Probolinggo: Badan Penanggulangan Bencana Daerah (BPBD) Kabupaten Probolinggo mengatakan titik api kebakaran hutan dan lahan (karhutla) di kawasan Gunung Bromo di Kabupaten Probolinggo, Jawa Timur sudah padam.
Dua titik api masih dipadamkan yakni di P30, Probolinggo, dan Dingklik, Pasuruan, Selasa, 11 Agustus 2026. Pemadaman dilakukan dengan metode water bombing menggunakan tiga helikopter karena lokasi berada di tebing yang sulit dijangkau secara manual.
"Alhamdulillah informasi yang kami dapat bahwa di kawasan P30, Kecamatan Sumber, Kabupaten Probolinggo sudah tidak terlihat titik api dan yang masih menyala di kawasan Dingklik, Kecamatan Tosari, Kabupaten Pasuruan," kata Kepala Pelaksana Badan Penanggulangan Bencana Daerah (BPBD) Kabupaten Probolinggo Oemar Sjarief, dilansir dari Antara, Rabu, 12 Agustus 2026.
Baca Juga :
Dari total 34 titik api sebelumnya, masih terdapat satu titik api di kawasan Dingklik yang belum padam. Seluruh petugas dikerahkan memadamkan karhutla di kawasan Taman Nasional Bromo, Tengger, Semeru (TNBTS), Kabupaten Pasuruan.
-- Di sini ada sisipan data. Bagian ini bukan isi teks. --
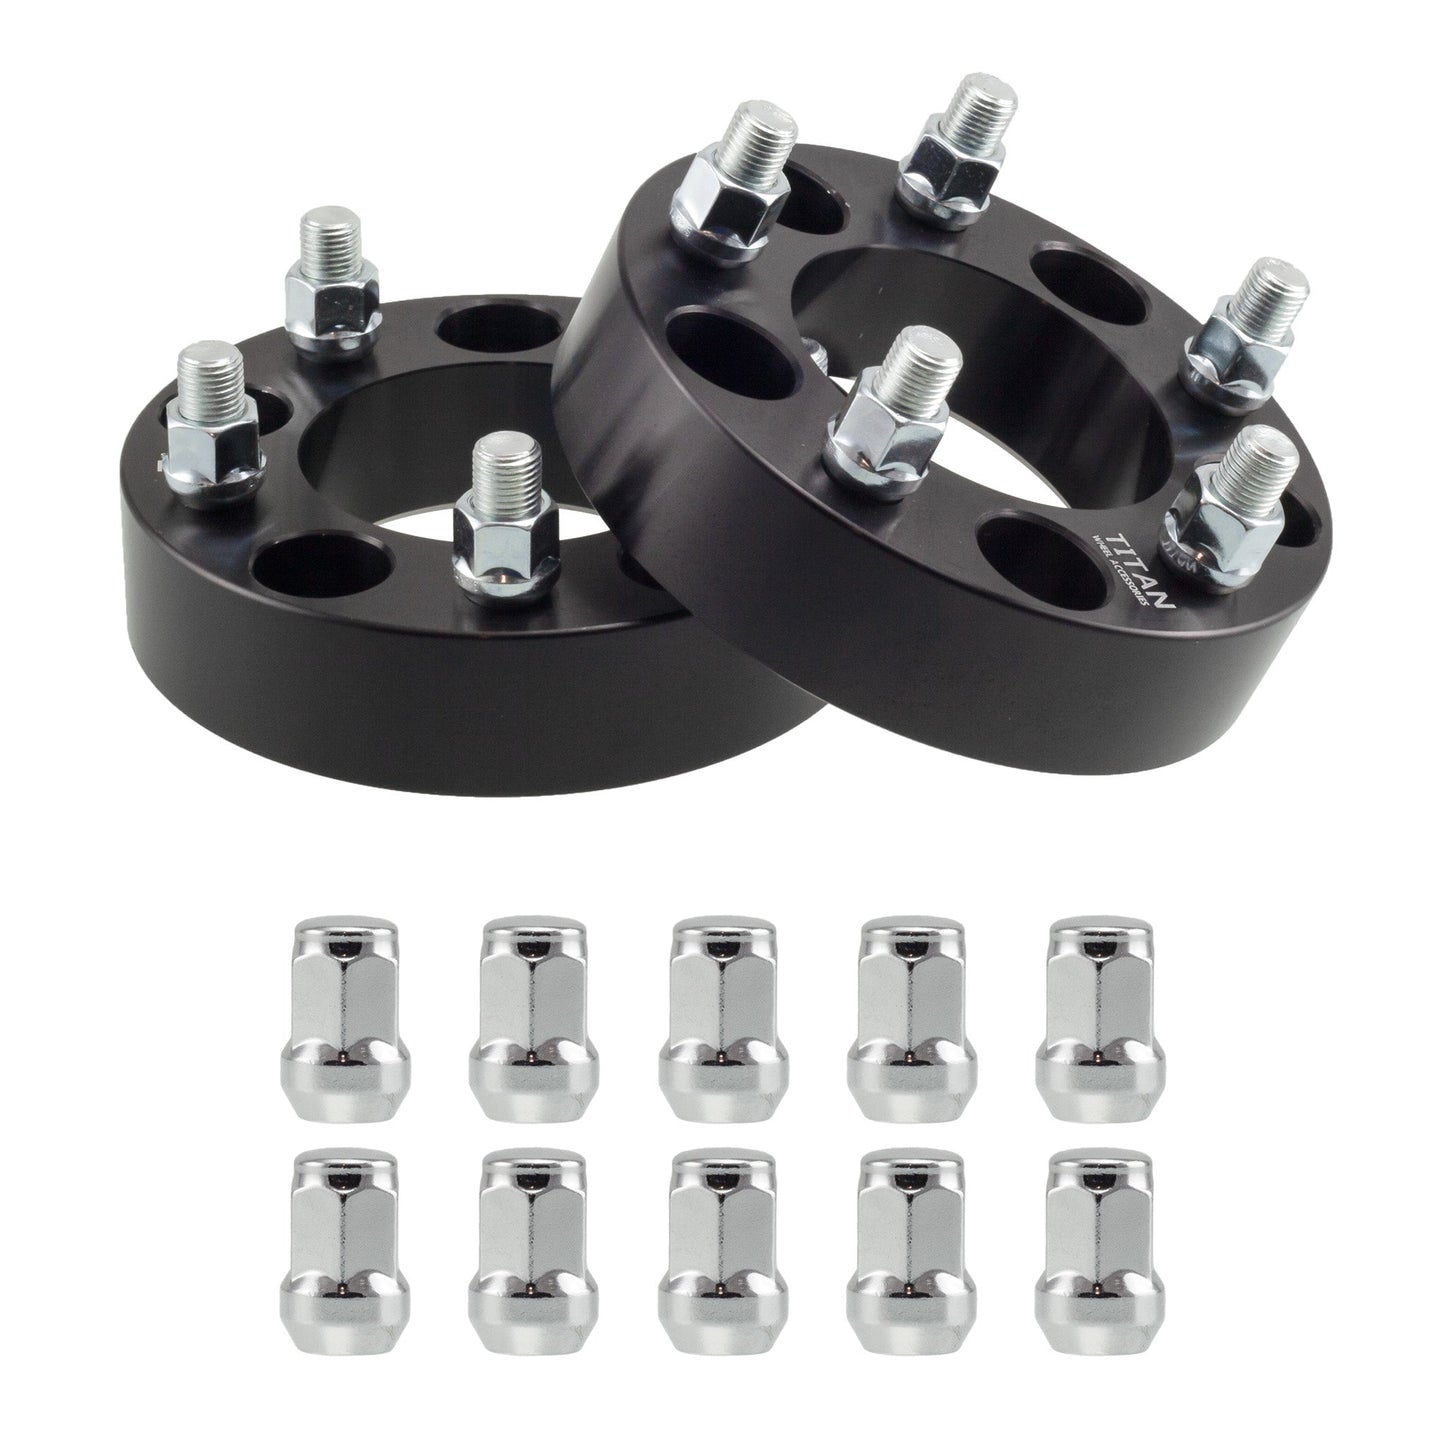 25mm (1") Titan Wheel Spacers for Scion Toyota Lexus | 5x114.3 | 12x1.5 Studs | Titan Wheel Accessories

"Semua potensi dari BPBD sudah diturunkan mulai dari kendaraan Damkar dari Surabaya, Malang, Nganjuk, Jombang, Kabupaten/Kota Pasruan, Mojokerto, dan Probolinggo untuk fokus di Pasuruan," tuturnya.
Sebelumnya, Kepala BNPB Letjen TNI Suharyanto menargetkan pemadaman karhutla Gunung Bromo tuntas pada Jumat, 14 Agustsu 2026. Tiga unit helikopter dikerahkan untuk menjangkau titik api yang sulit dikendalikan dari darat.
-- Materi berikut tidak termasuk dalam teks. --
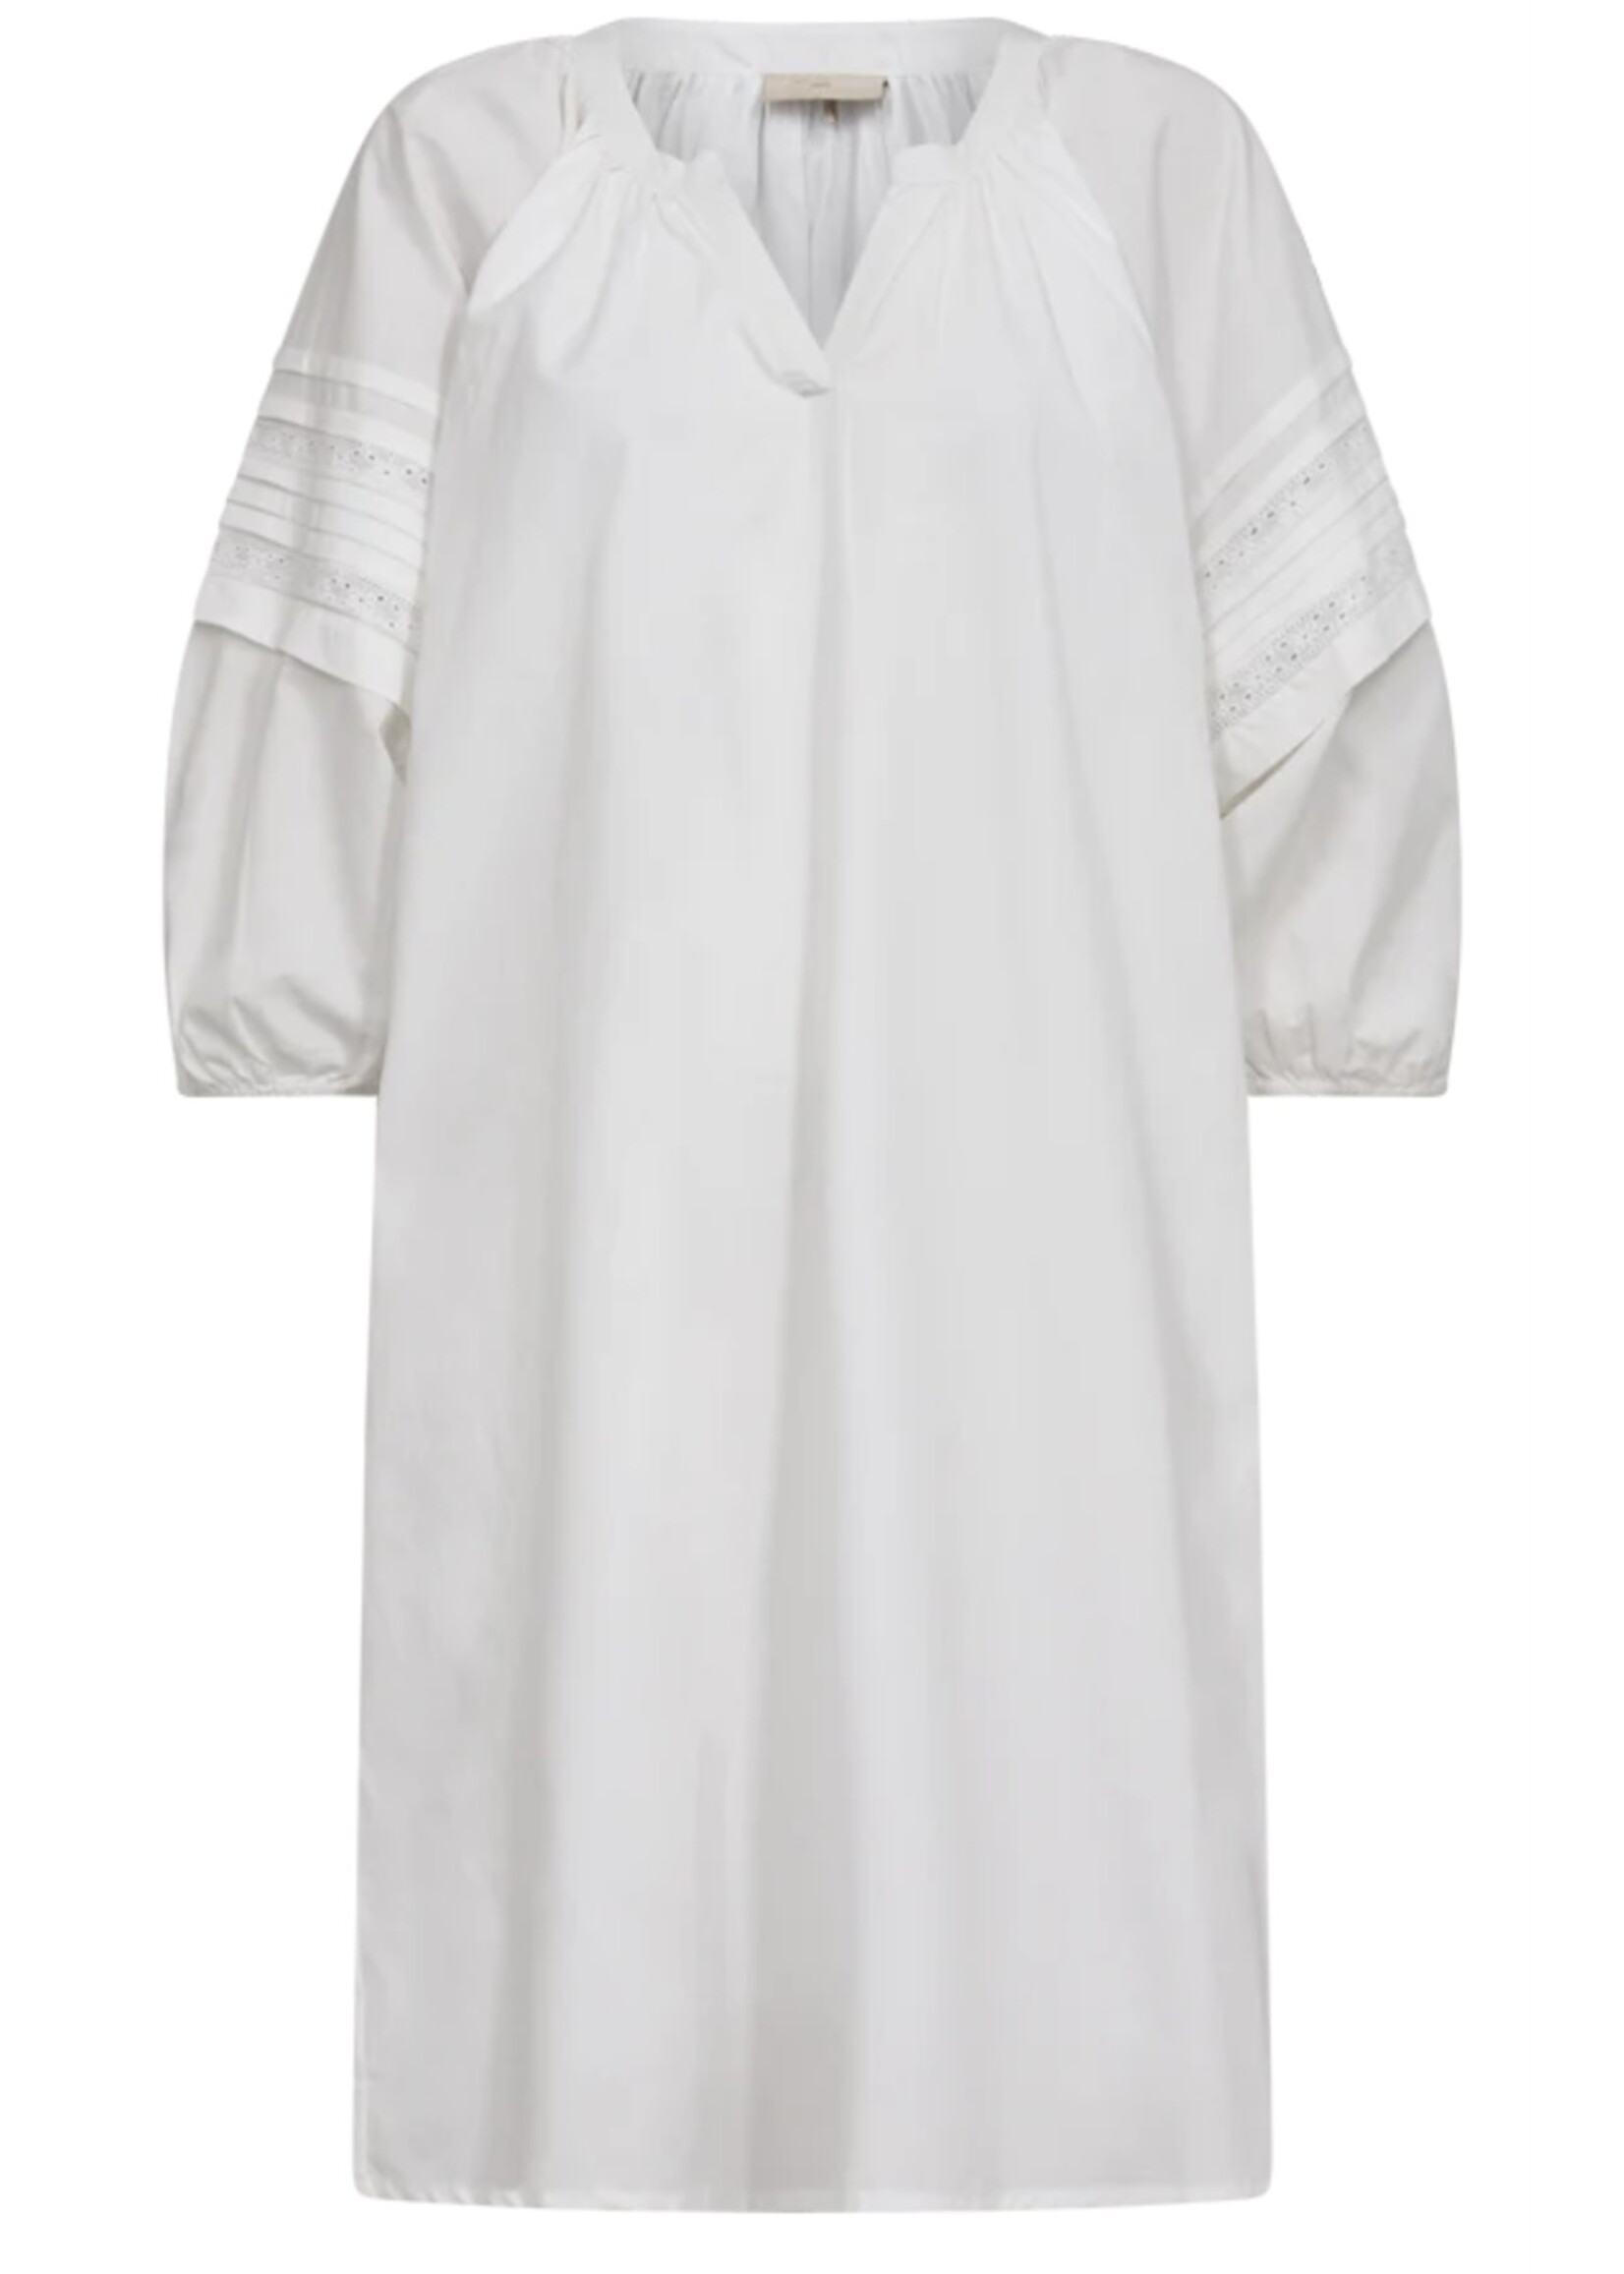 Freequent Freequent - Wiwa - Dress - Brilliant white, Black

"Titik api di kawasan P30 Kecamatan Sumber, Kabupaten Probolinggo serta wilayah Dingklik di Kecamatan Tosari, Kabupaten Pasuruan terpantau kondisi medan yang berupa tebing dan sulit dijangkau membuat pemadaman secara manual menghadapi kendala," ungkapnya.
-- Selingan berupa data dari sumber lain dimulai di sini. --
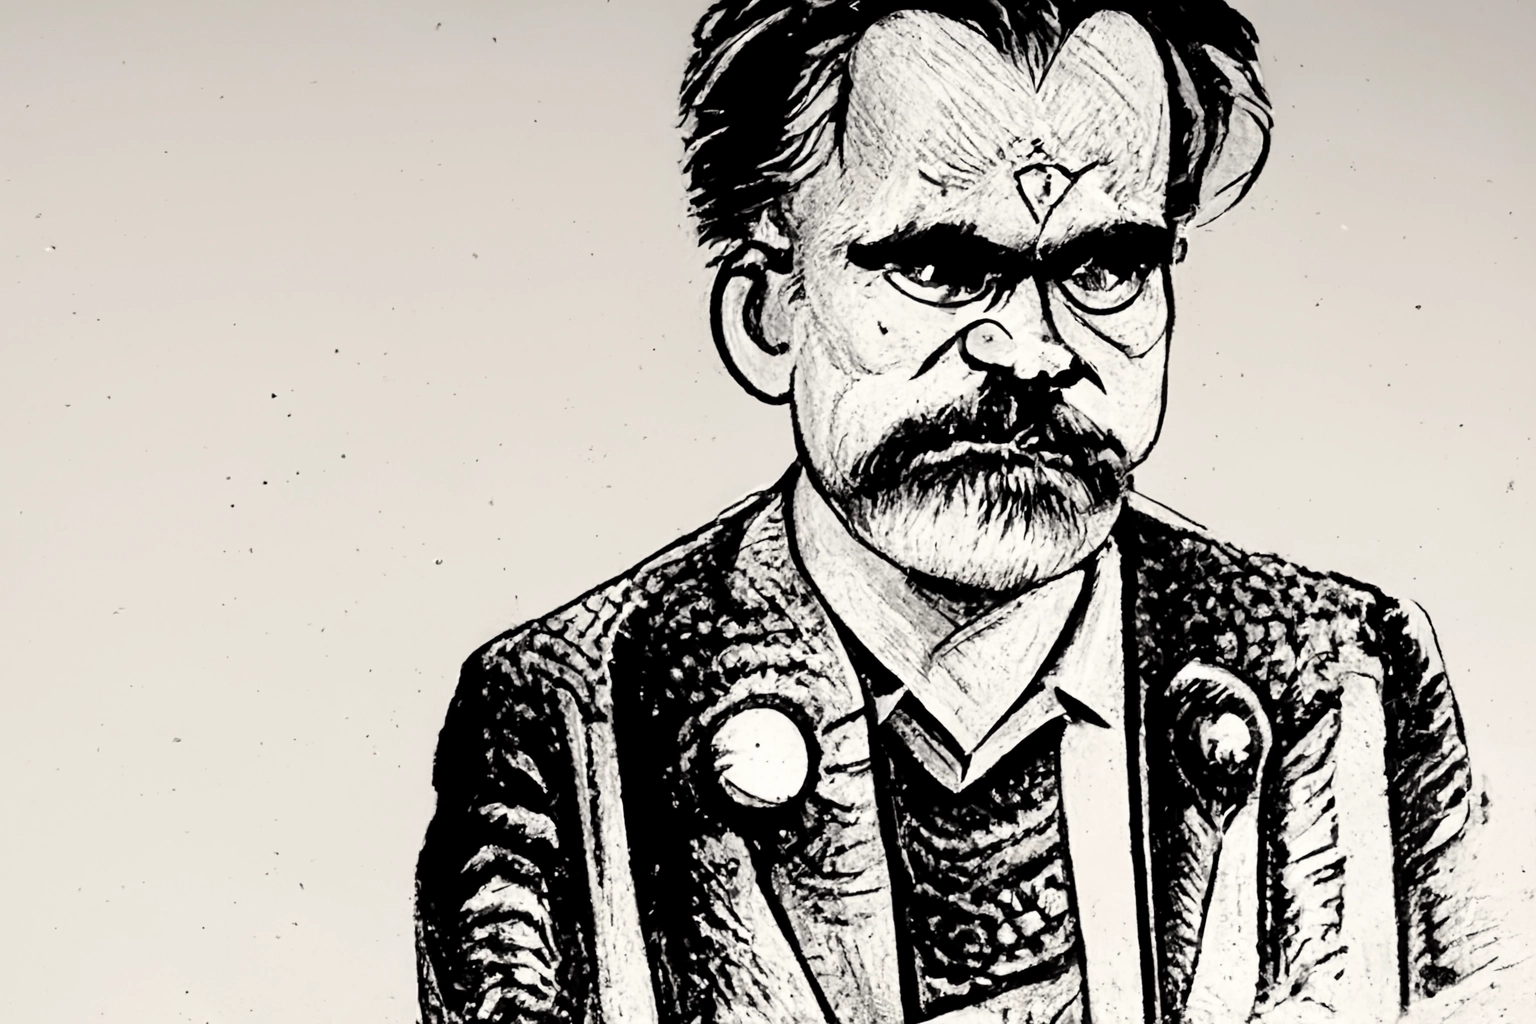 image of Friedrich Nietzsche standing there

Petugas BPBD Probolinggo masih memantau adanya titik api di kawasan TNBTS pada Kamis (6/8/2026). ANTARA/HO-BPBD Probolinggo
Pemerintah menargetkan titik api di kawasan TNBTS dapat dituntaskan secepatnya. Sejumlah helikopter yang digunakan dalam operasi pemadaman akan dialihkan untuk membantu penanganan kebakaran di lokasi lain.
"Total luas kawasan yang terdampak karhutla Bromo hingga Selasa (11 Agustus) mencapai sekitar 889 hektare. Area terbakar tersebut tersebar di empat wilayah, yakni Kabupaten Probolinggo, Lumajang, Malang dan Pasuruan,” jelasnya.
Tim gabungan terus berjibaku untuk memadamkan karhutla yang berada di kawasan TNBTS dan diharapkan tidak muncul titik api baru. Masyarakat juga diimbau tidak melakukan aktivitas yang dapat memicu potensi kebakaran.